Sleep Problems Equal To Binge Drinking, Marijuana Use In Predicting Poor Academic Performance

Sleep Problems Equal To Binge Drinking, Marijuana Use In Predicting Poor Academic Performance

MINNEAPOLIS -- While the temptations to stay up late are many, a small new study suggests a very good reason for college students to hit the hay. Those who are poor sleepers are more likely to get worse grades and to withdraw from a course, according to a new study. In fact, the effects of poor sleep were about as strong as binge drinking and marijuana use on a student's academic performance.
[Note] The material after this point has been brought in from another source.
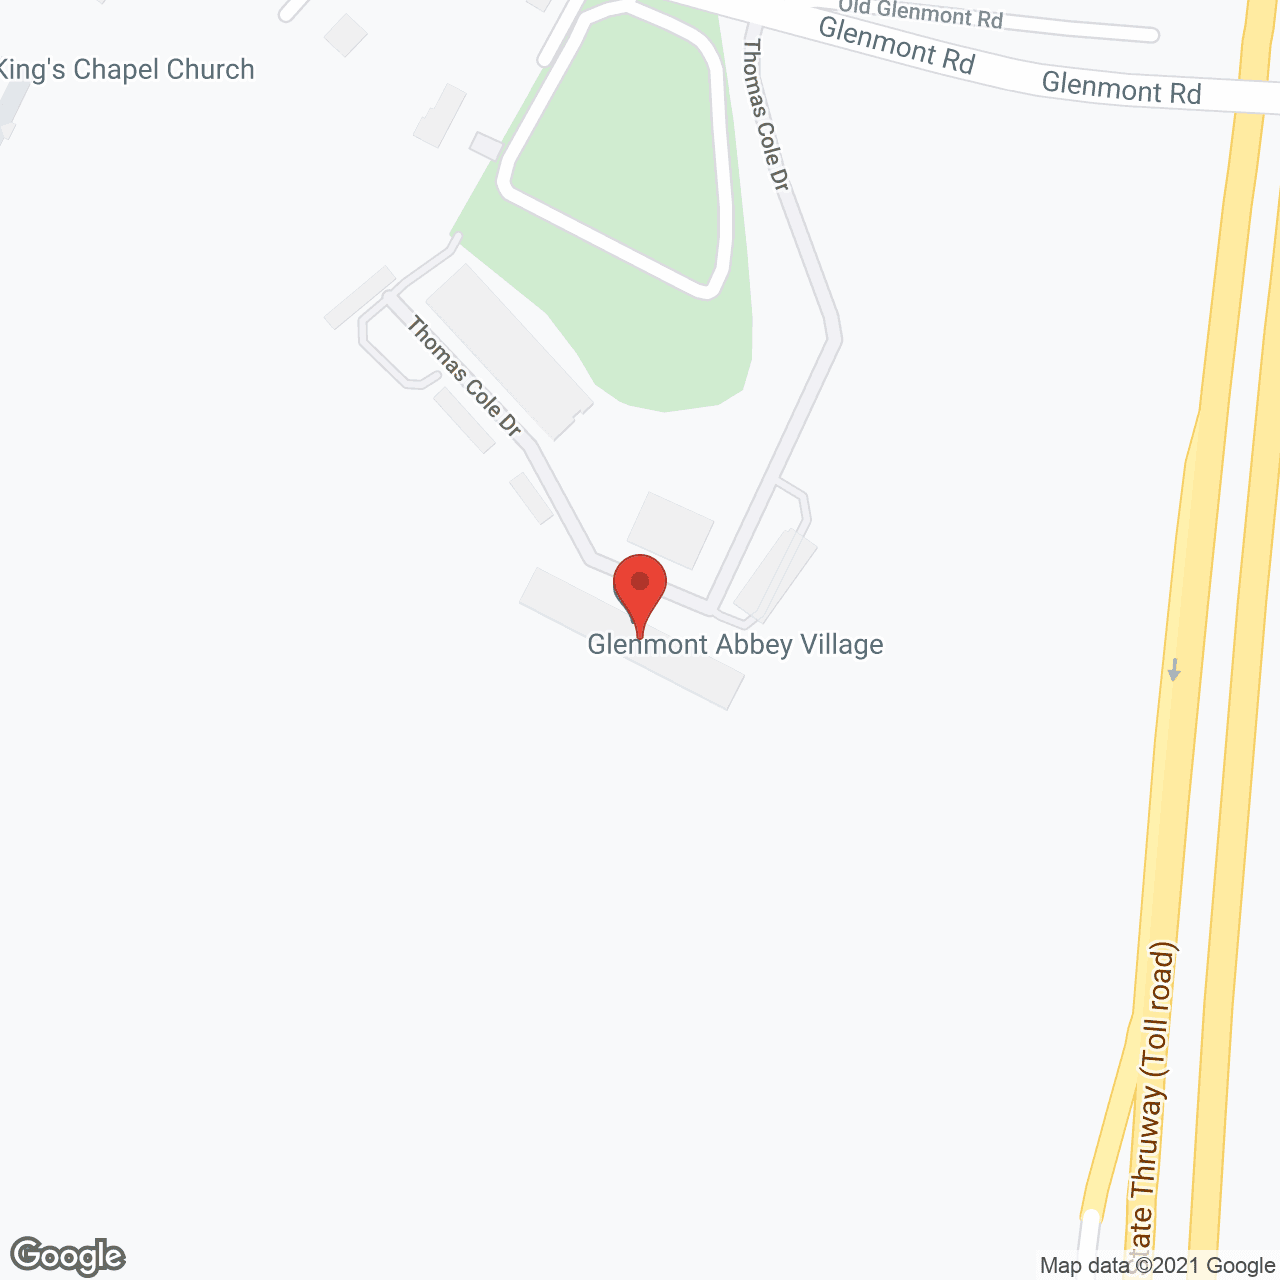 Glenmont Abbey Village in google map

The researchers analyzed data from over 43,000 students included in the spring 2009 American College Health Association's National College Health Assessment (NCHA). After controlling for potentially confounding factors that might predict how a college student fares academically, like clinical depression, feelings of isolation or chronic health problems, the researchers found that getting poor sleep was a strong predictor of problems at school.

While few students are likely to have a clinical sleep disorder, Roxanne Prichard, Ph.D., associate professor of psychology at the University of St. Thomas in St. Paul, Minnesota tells The Huffington Post, about 60 percent say they have some kind of problem sleeping. But for all the effort colleges put into anti-drinking and de-stressing campaigns, little time or money is spent to promote better sleep -- and doing so could help both students and the colleges themselves, she says.

"Sleep really isn't systematically approached in a way that could have major economic benefits to both the students and the universities in terms of increased retention," she says. Indeed, reducing the number of courses a student withdraws from by just one ups his or her probability of graduating by 14 percent, she says -- and it goes without saying that student retention is good for a university's bottom line.

Prichard hopes more schools decide to include a screening for sleep problems among students, which could ultimately limit costs of care of university health centers, she says. "I don't think sleep problems are showing up on the questionnaire intake forms for health services, and that could be explaining a lot of the other problems that you see showing up," she says. "Recurrent illness could be sleep problems."

Prichard and co-investigator Monica Hartmann, Ph.D., professor of economics at the University of St. Thomas, found that poor sleep was even more detrimental among freshmen, according to the study. "I think that's partially because freshmen have the worst sleep of any age group," she says. Not only are they hungry for independence from their parents, but they also are more likely to be "delayed phase" -- essentially, they are more biologically inclined to be night owls because of their age, she says. Focusing especially on first-year students is a smart idea for universities, she says, because freshmen-year success (or lack thereof) is a strong predictor of whether or not a student drops out his or her sophomore year.

The research, published in an online supplement of the journal SLEEP, will be presented Tuesday, June 3, at SLEEP 2014, the 28th annual meeting of the Associated Professional Sleep Societies.